Tide


She woke to the sound of metal framing shaking and the lights of the road below her. Darkness had fallen during her slumber but it still didn’t explain the rattle. Rolling to the edge of her make shift bunk bed Myra focused her eyes to the back of the RV where she saw her father’s bed empty.

That sight explained the noise.

As alertness returned to her body she began to fix her disheveled pieces. Bookmarking a slightly dented binding as she tucked it under the weathered mattress, and bending back her glasses to help Myra see as she dissented into the kitchen. With the whirl of blanket around her shoulders this young girl came to rest in the passenger seat.

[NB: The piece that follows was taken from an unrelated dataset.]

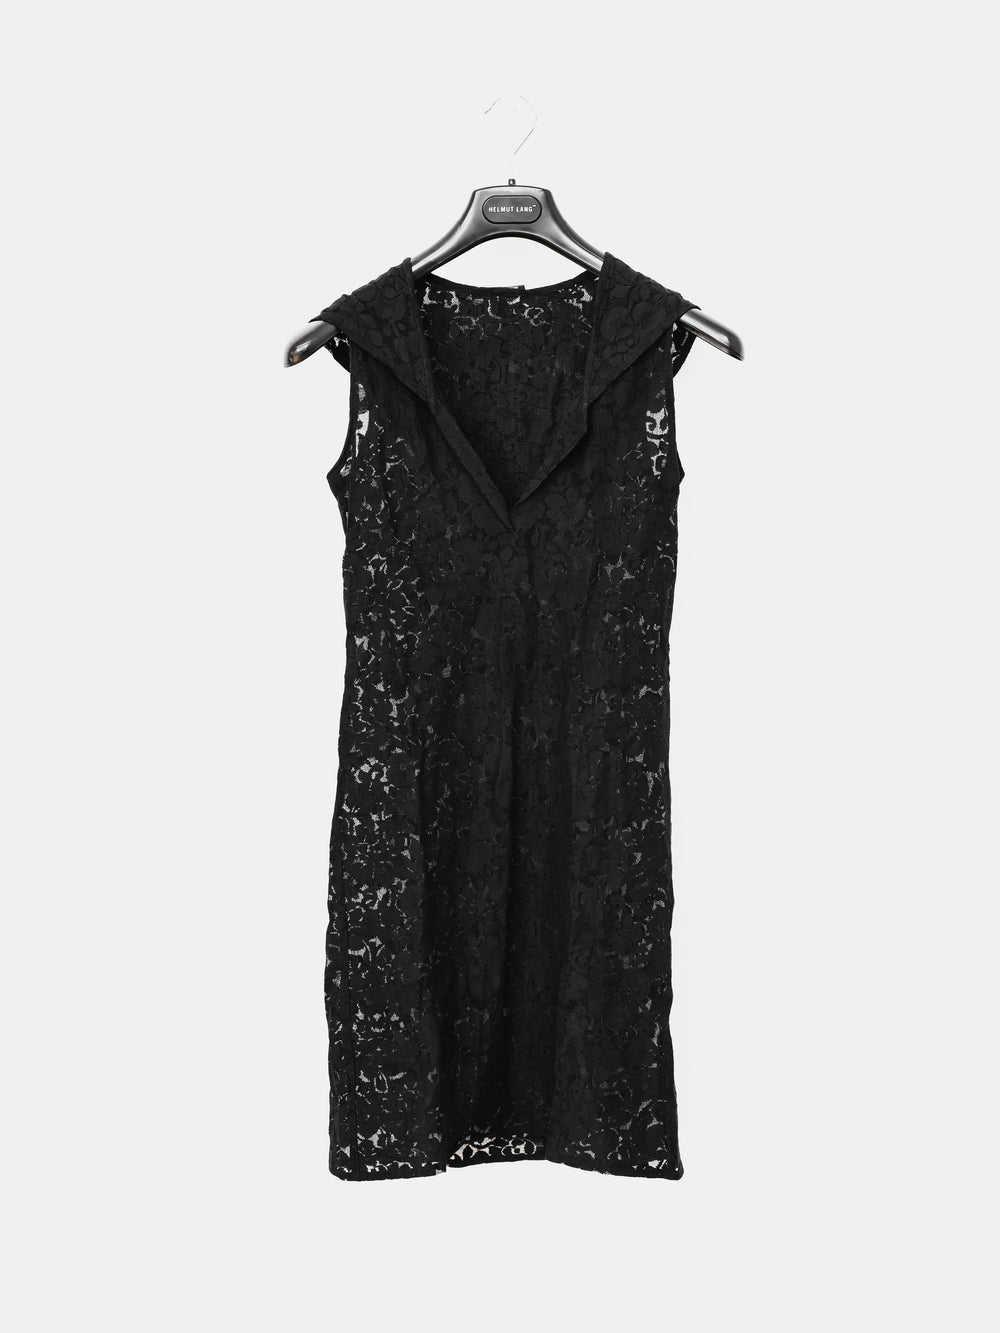 Helmut Lang SS96 Hooded Floral Lace Dress
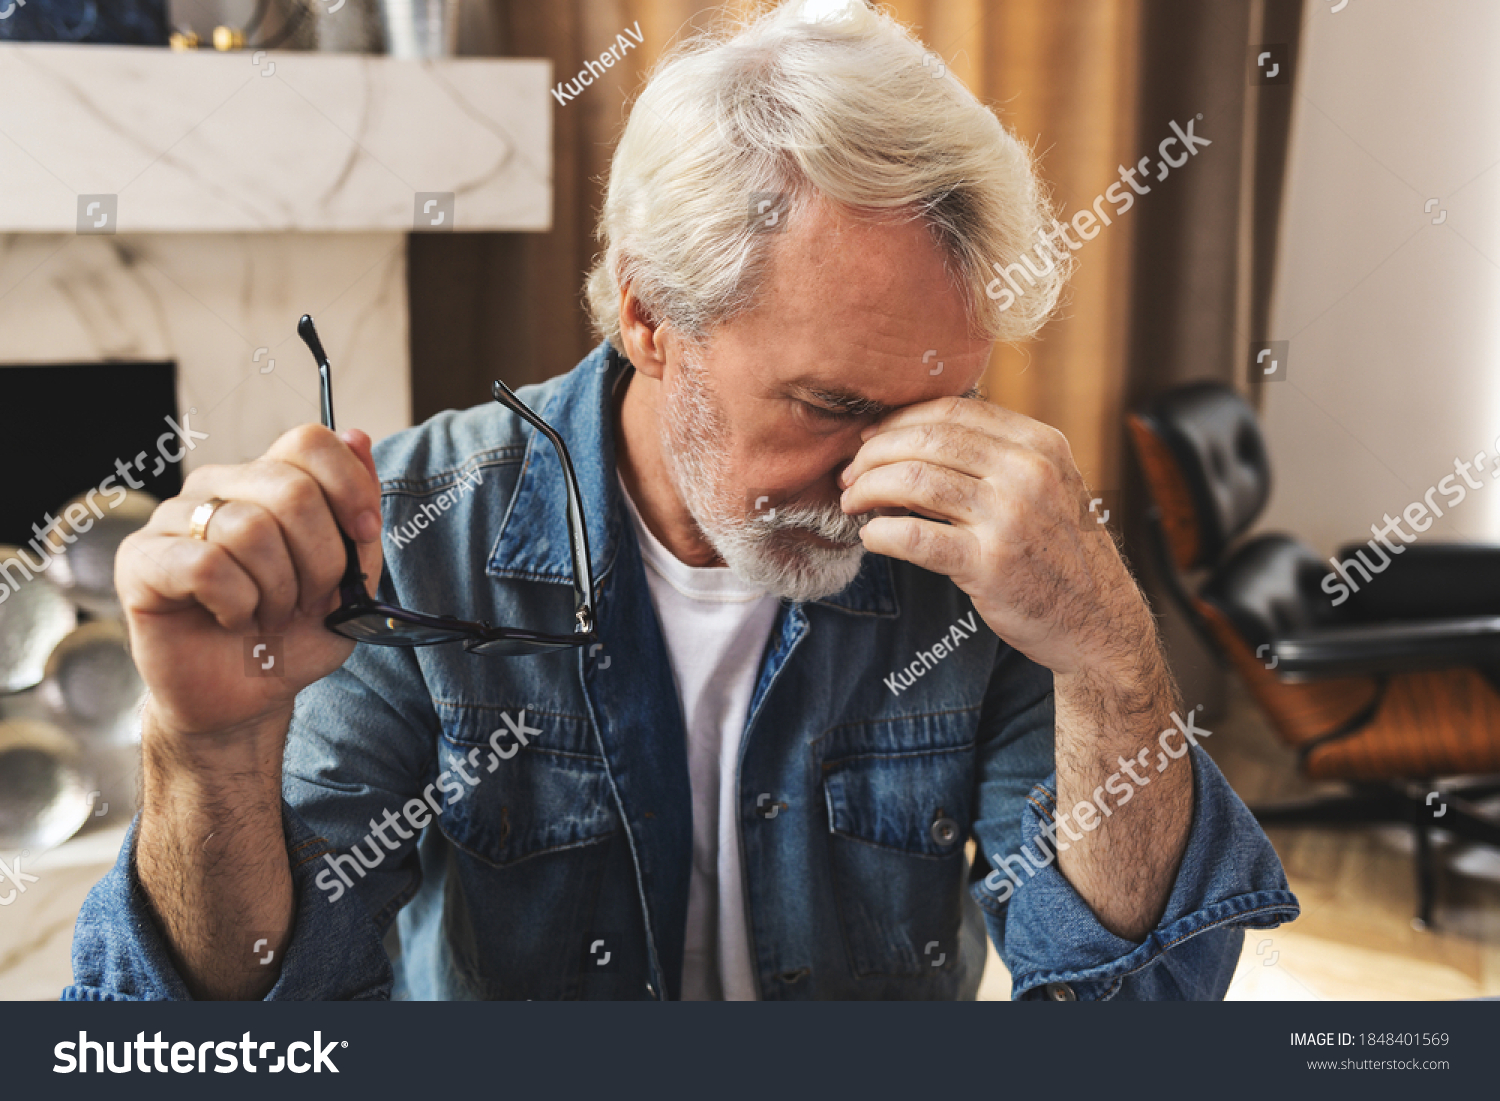 Tired men feel pain, eye strain holds glasses, rubbing dry irritated eyes, fatigue from working at a computer, stressed man suffers from headaches, poor eyesight, vision problems #1848401569

“I thought you were going to wake me,” said Myra inquiringly.

“You said you were going to sleep instead of read another book,” said her father. He peered at her through judging eyes. “Just because you found a smaller reading light doesn’t mean I don’t notice. There is nothing in those things that this world can’t provide.”

“Don’t you realize that its against safety regulations to have someone sleeping in the bunk while driving,” said Myra. Sarcasm leaped off every syllable.

“Hey, this life is about chances. The exploration is worth it,” he said. “I would have hoped you learned that by now, or are you too caught up in books to notice.”

She fell silent.

In the years she had been on the road with her father it never felt like home. Rest stops and motor parks never held her. Her father seemed destined to be a rolling dice through life , but Myra always felt tethered by something more.

During a month long stop at Derby Park in Kentucky she learned to read from books in the mobile library. Bindings provided a sanctuary where the road lacked. The more Myra read the more certain the connection she could be found.

Lyonal never approved of books and classrooms, and preferred the road to human connection. Pursuing adventures in an RV across America was his was of educating Myra of the same.

“So, what is the next stop,” she whispered.

“Well riding 94 we should reach West Fargo by breakfast,” his voice rasped in response. “Passing through was the plan if that what your really nudging at.”

“Is there a plan for what stops next?”

The carvings across his face depend as he titled towards the night covered road.

“Morris for a week,” he rasped. “But you should better than to ask for a plan.”

“I didn’t ask for a life plan just wondering what’s next,” said Myra sighing deeply.

Her body shuffled under the blanket making room for her chicken legs to curl under her. Making herself small was one of the few comforts Myra had in the world outside books.

“I know better to ask for more,” she said sadly.

Lyonal grumbled along with the engine as torpedoed toward dawn.

He couldn’t imagine any life but this. Yet she was roped to something more even as she coasted to sleep in the passenger seat.